Module Owner: Dennis Schubert

Generally speaking, new interventions are landed in mozilla-central close to the start of each cycle's soft freeze period, and then ride the trains to Release. By essentially skipping the Nightly cycle, we speed up the process a bit, but we get some stability testing in Beta before the interventions are available to all users.

In cases that are more urgent, we can speed up the process by

  • uplifting interventions into Beta at any time during the cycle,
  • uplifting the interventions into Release to be shipped with the next dot-release,
  • shipping an interventions add-on update out-of-band.

It is up to each release's Interventions Owner to decide if a WebCompat bug is important enough to warrant a fast process.

The normal process: Letting interventions ride the train

For low-priority interventions, the simplest way to ship is to land them in the tree and have them ride the trains like any code change.

  1. Build and test the interventions as usual. Submit a Pull Request to the mozilla-extensions/webcompat GitHub repository that does include new interventions, but do not include a version number bump yet.
  2. Bump the version number in your local clone of the repo, but do not commit the change yet.
  3. Export your changed sources into your mozilla-central checkout. Check the addon's README.md for instructions on how to use the tooling.
  4. Make sure ./mach lint browser/extensions/webcompat passes. Since the on-GitHub lints are not exactly the same (primarily, eslint is missing), it's a good idea to run that every time.
  5. Submit the patch to Phabricator. You do not need to manually specify a reviewer: the webcompat-reviewers group will be added automatically, sending a notification to everyone in the team.
  6. Land the patch. Wait until the patch got merged into mozilla-central to make sure it doesn't get backed out immediately.
  7. Export the same sources into your local checkout of android-components. There is tooling to help you with that as well, see addon's README.md. Example Pull Request. To make it easier to keep track of, attach a link to the pull request to the corresponding bug on Bugzilla. If you don't know someone who can review your patch, ask in #fenix-team on Slack.
  8. When the patch is merged, you can commit the version number change in the webcompat-addon repository. Make sure to run npm run autoformat before commiting, as that will apply your version number change to package.json and package-lock.json as well.
  9. Tag the version with git tag -a v100.0.0 -m 'v100.0.0', and push both your version-bump-commit, and the new tag, to GitHub with git push origin main v100.0.0
  10. Make sure that for any intervention you added, you set the sitepatch-applied label GitHub or the [webcompat:sitepatch-applied] whiteboard flag on Bugzilla. Likewise, remove those labels for all interventions you removed.
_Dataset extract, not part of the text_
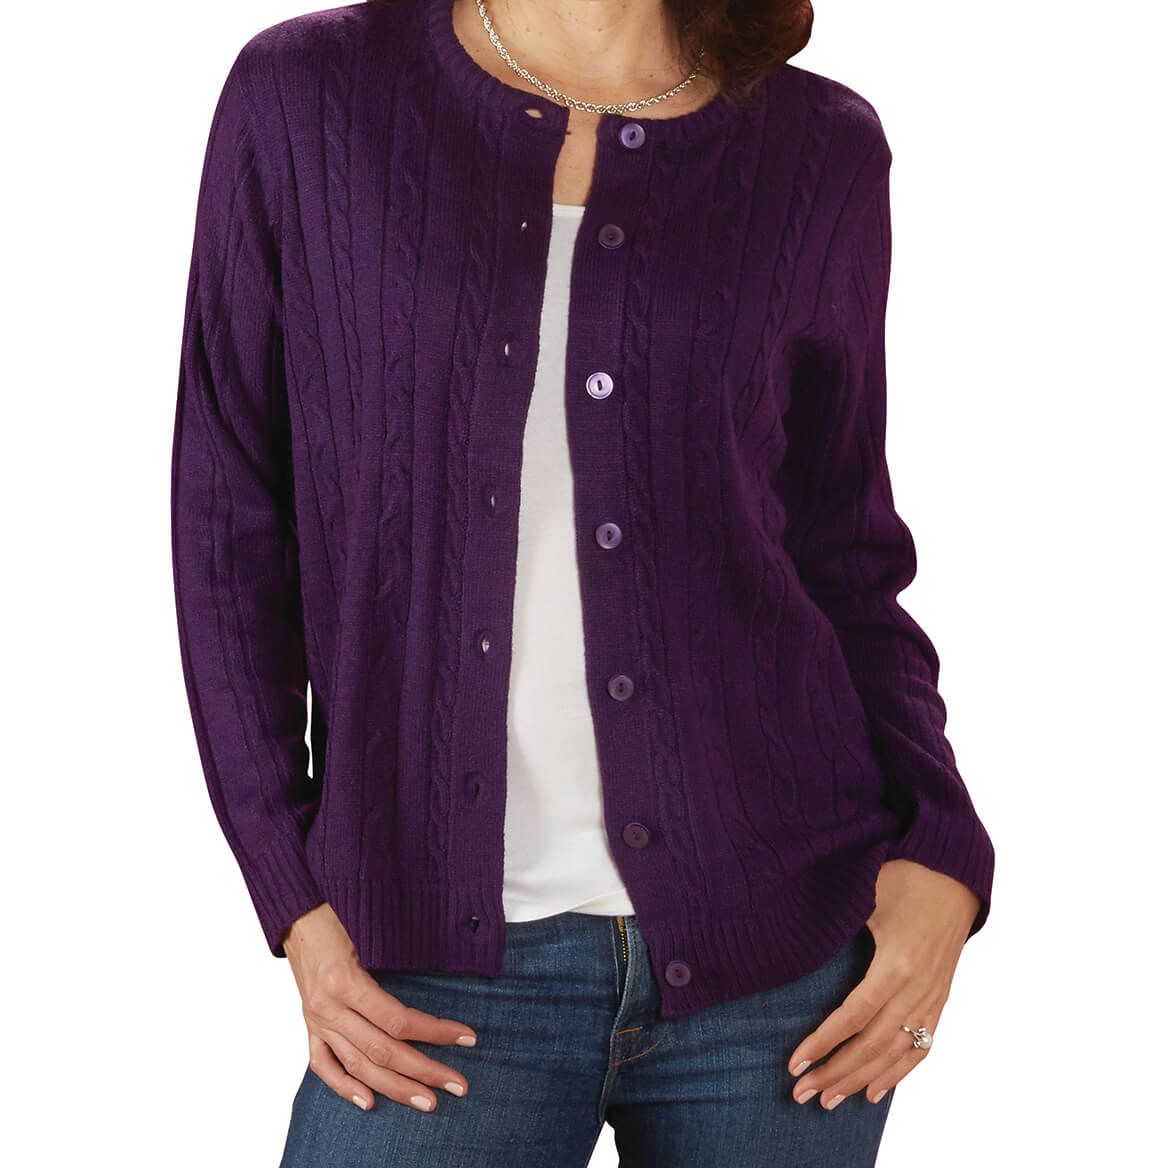 Women's Cable Knit Cardigan + '-' + 374843

Uplifting new interventions into Beta

For interventions that are a bit more urgent, you can skip one release cycle and uplift your intervention(s) into Beta. However, do not just request beta uplift for the patch you submitted to mozilla-central:

  • It is possible that your patch was not the only change to the addon since the Beta branch got merged. This would cause conflicts, because your new patch won't cleanly apply to Beta.
  • Version numbers won't make sense: If you're uplifting a patch for the addon version 101.0.0 into Beta 100, you might make version numbers more confusing, and you also will make rolling out of-of-band updates a bit more complicated.
  • It generally is a good idea to limit your Beta uplift to only the important/urgent things. It might not be a wise idea to uplift everything, which might include logic changes, SmartBlock Fixes, and other changes into beta. Keep the risk as low as possible.
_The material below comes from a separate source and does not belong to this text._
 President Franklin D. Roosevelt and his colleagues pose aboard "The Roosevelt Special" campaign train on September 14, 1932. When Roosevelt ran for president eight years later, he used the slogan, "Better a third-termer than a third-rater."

Instead, we generally build a separate patch just for Beta.

  1. Follow the "normal process", and get your interventions landed in mozilla-central. Wait for the next Nightly build, and make sure your interventions work as you expect.
  2. In your local mozilla-central checkout, switch to the mozilla-beta branch/bookmark. If you've never done this before, check the documentation explaining how to work with the mozilla-unified repository.
  3. Apply the relevant changes to the Firefox sources.
    • If your patch is simple, you can apply the changes directly to your mozilla-beta tree.
    • If your changes are more complicated, it might be a good idea to use the export tooling in our GitHub repo. You can git checkout the tag corresponding to the version currently shipping in Beta, and then git cherry-pick individual patches from main into your temporary branch. There is no need to publish/merge that branch upstream, as your beta rollout should never include any interventions that aren't also in the main branch anyway.
  4. Publish the beta patch to Phabricator and have a webcompat-reviewer rubberstamp the patch. It is a good idea to add a clear indication into the commit message saying that this patch is meant for the Beta branch. Bug 1234567 - Beta - Uplift v101 Interventions into v100 Beta. is an example.
  5. Set the approval-mozilla-release? request flag, and explain in the comment why you think this patch should be uplifted to Beta.

A release manager will see your request. If your request is approved, the release managers will push your patch. You do not need to land it, or do anything else!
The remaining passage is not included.